• What this task involves:
Type out the lines below exactly, pictures excluded.

• Information provided:
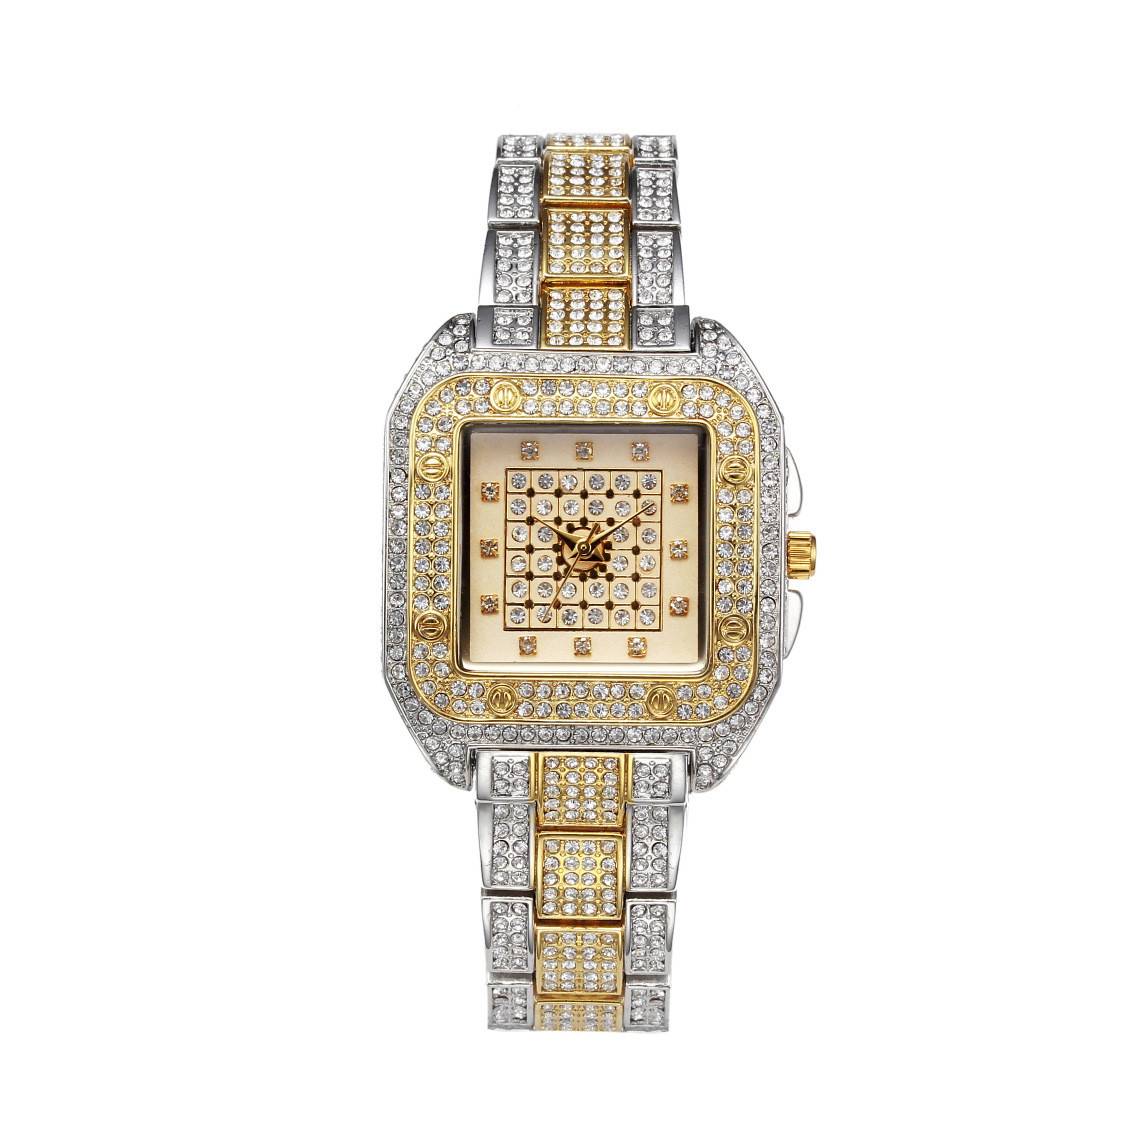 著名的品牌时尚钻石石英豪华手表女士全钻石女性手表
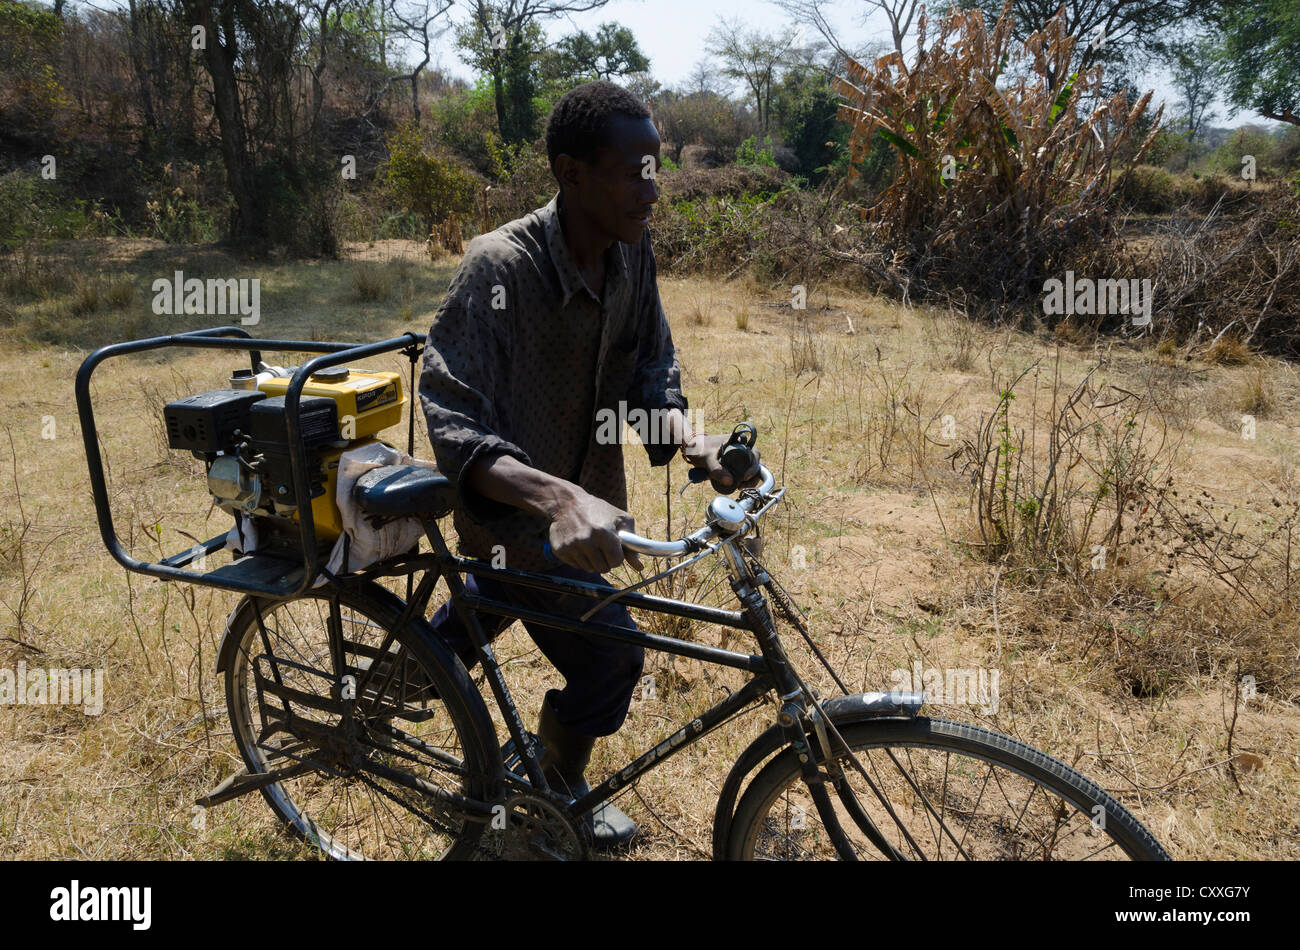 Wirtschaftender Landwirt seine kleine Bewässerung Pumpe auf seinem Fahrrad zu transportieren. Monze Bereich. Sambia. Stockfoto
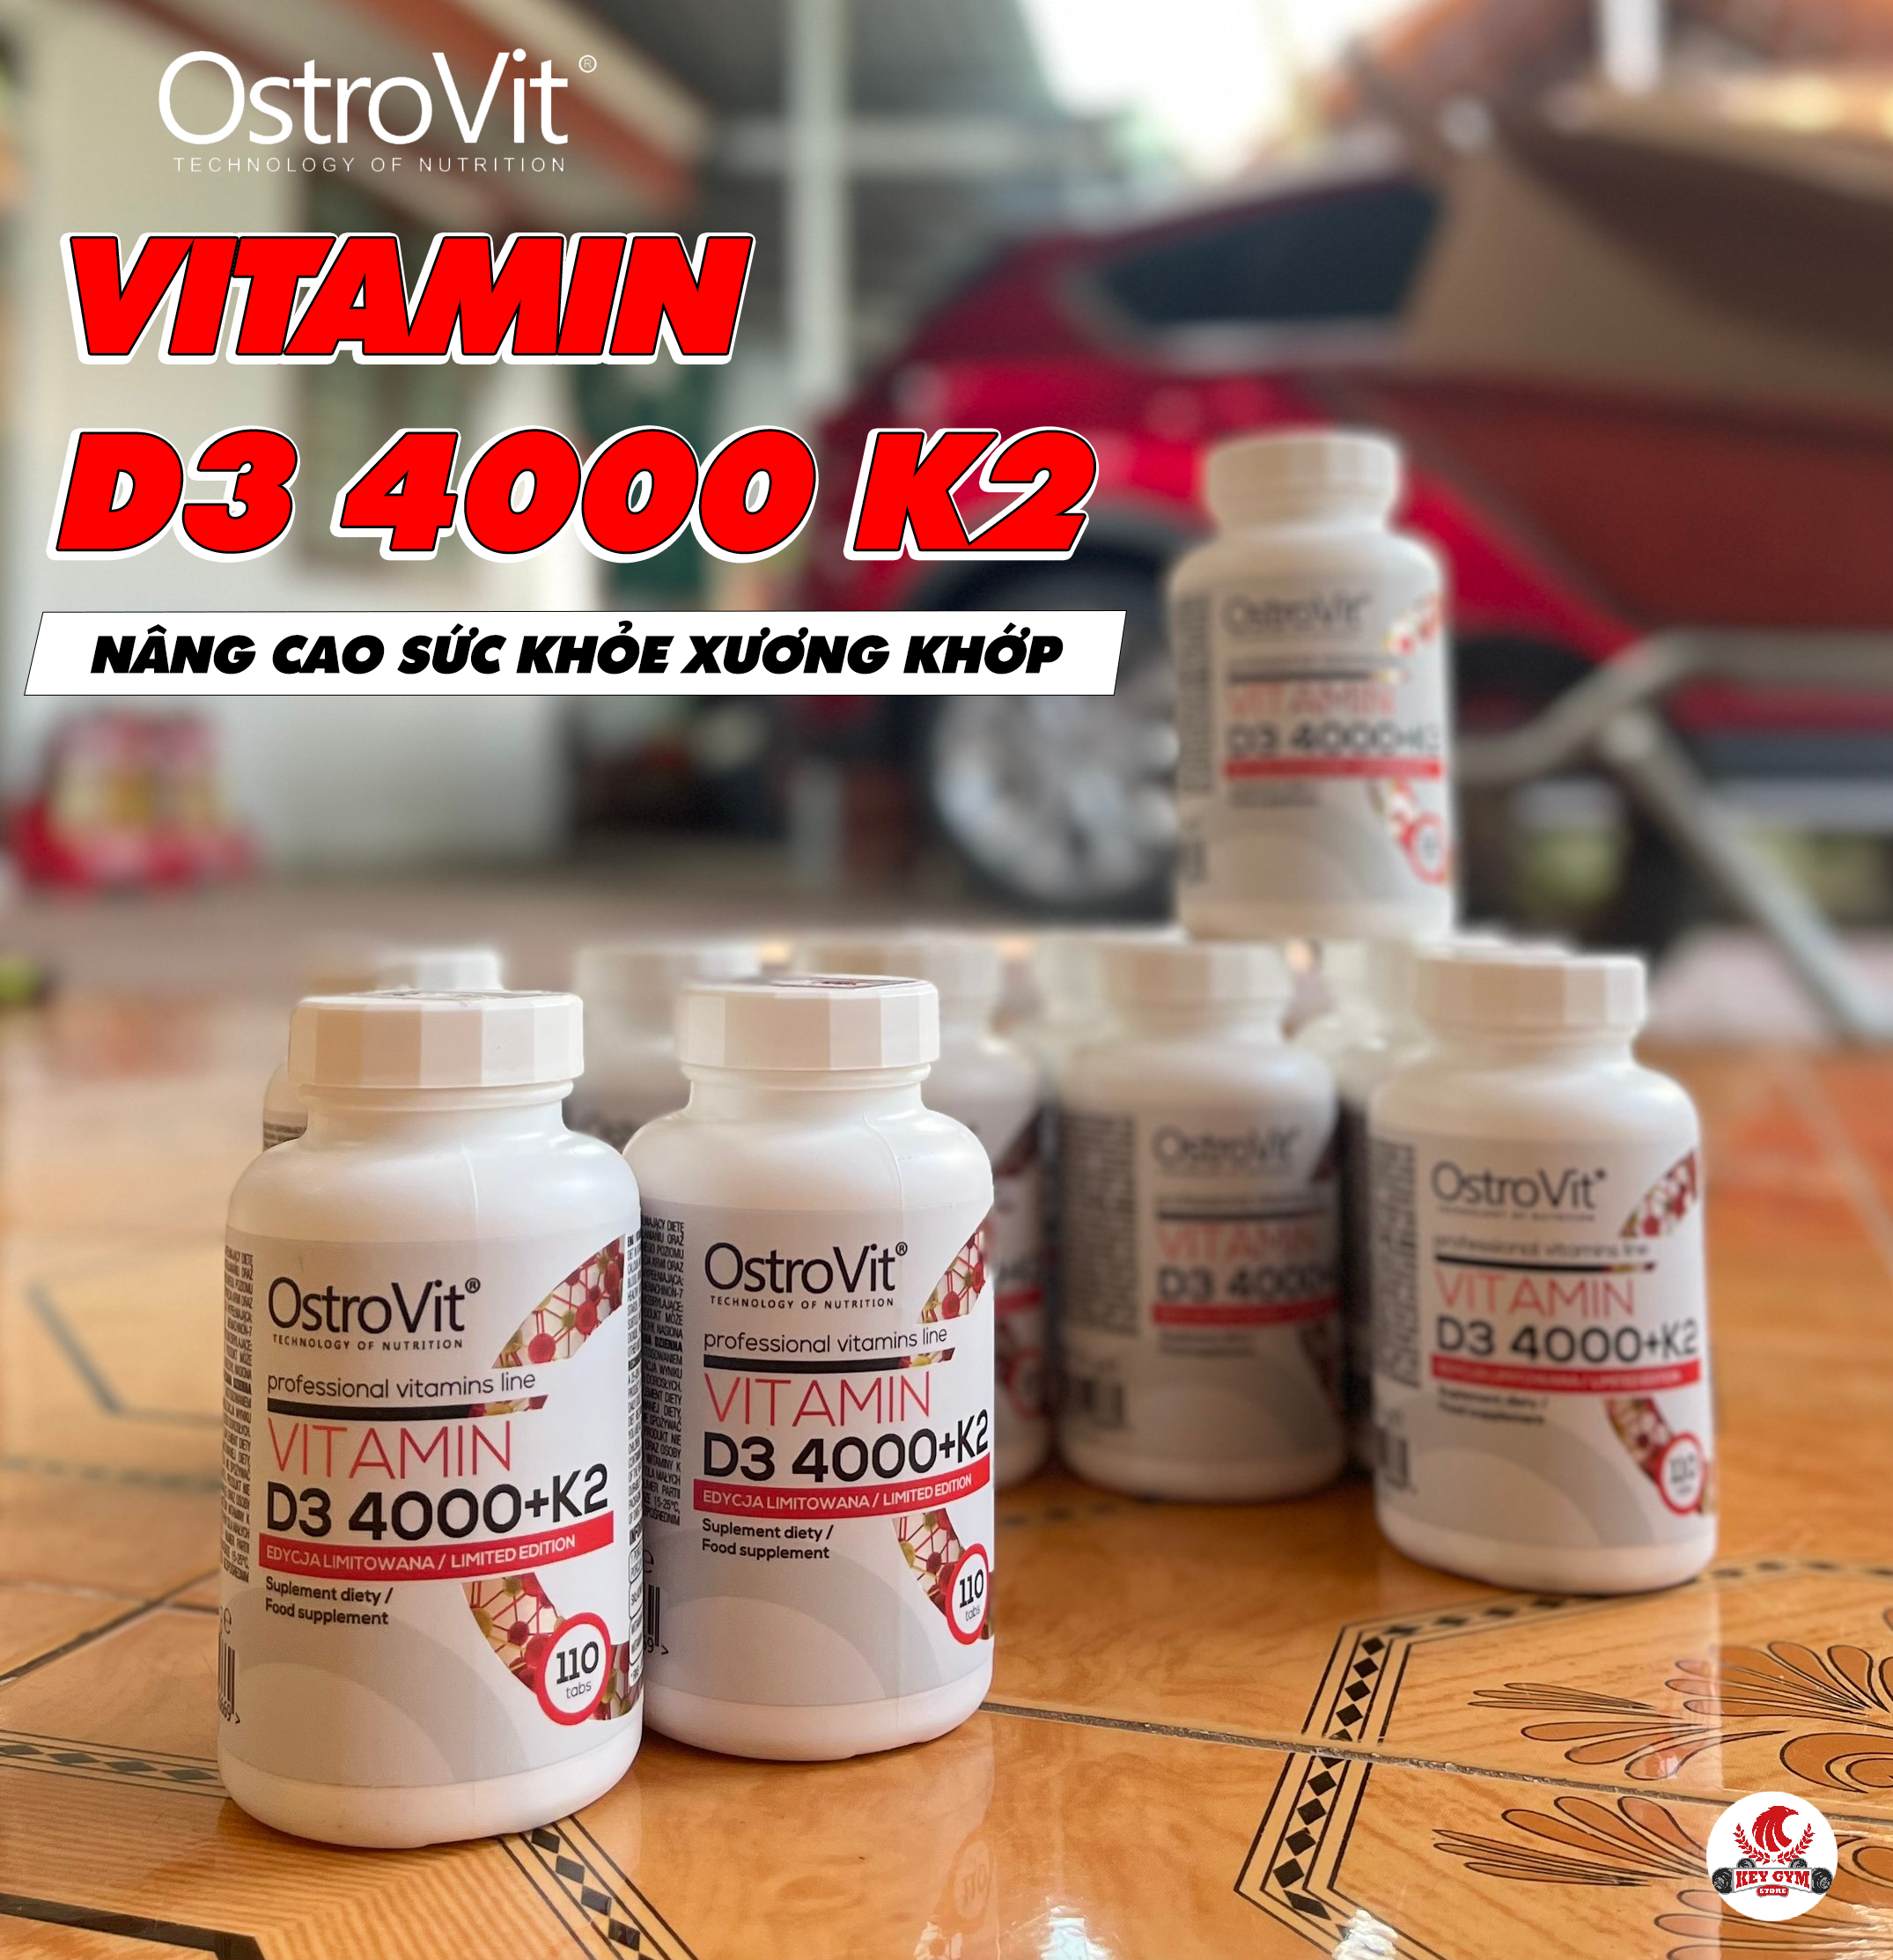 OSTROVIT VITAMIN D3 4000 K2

• Exercise output:
 著名的品牌时尚钻石石英豪华手表女士全钻石女性手表
 Wirtschaftender Landwirt seine kleine Bewässerung Pumpe auf seinem Fahrrad zu transportieren. Monze Bereich. Sambia. Stockfoto
 OSTROVIT VITAMIN D3 4000 K2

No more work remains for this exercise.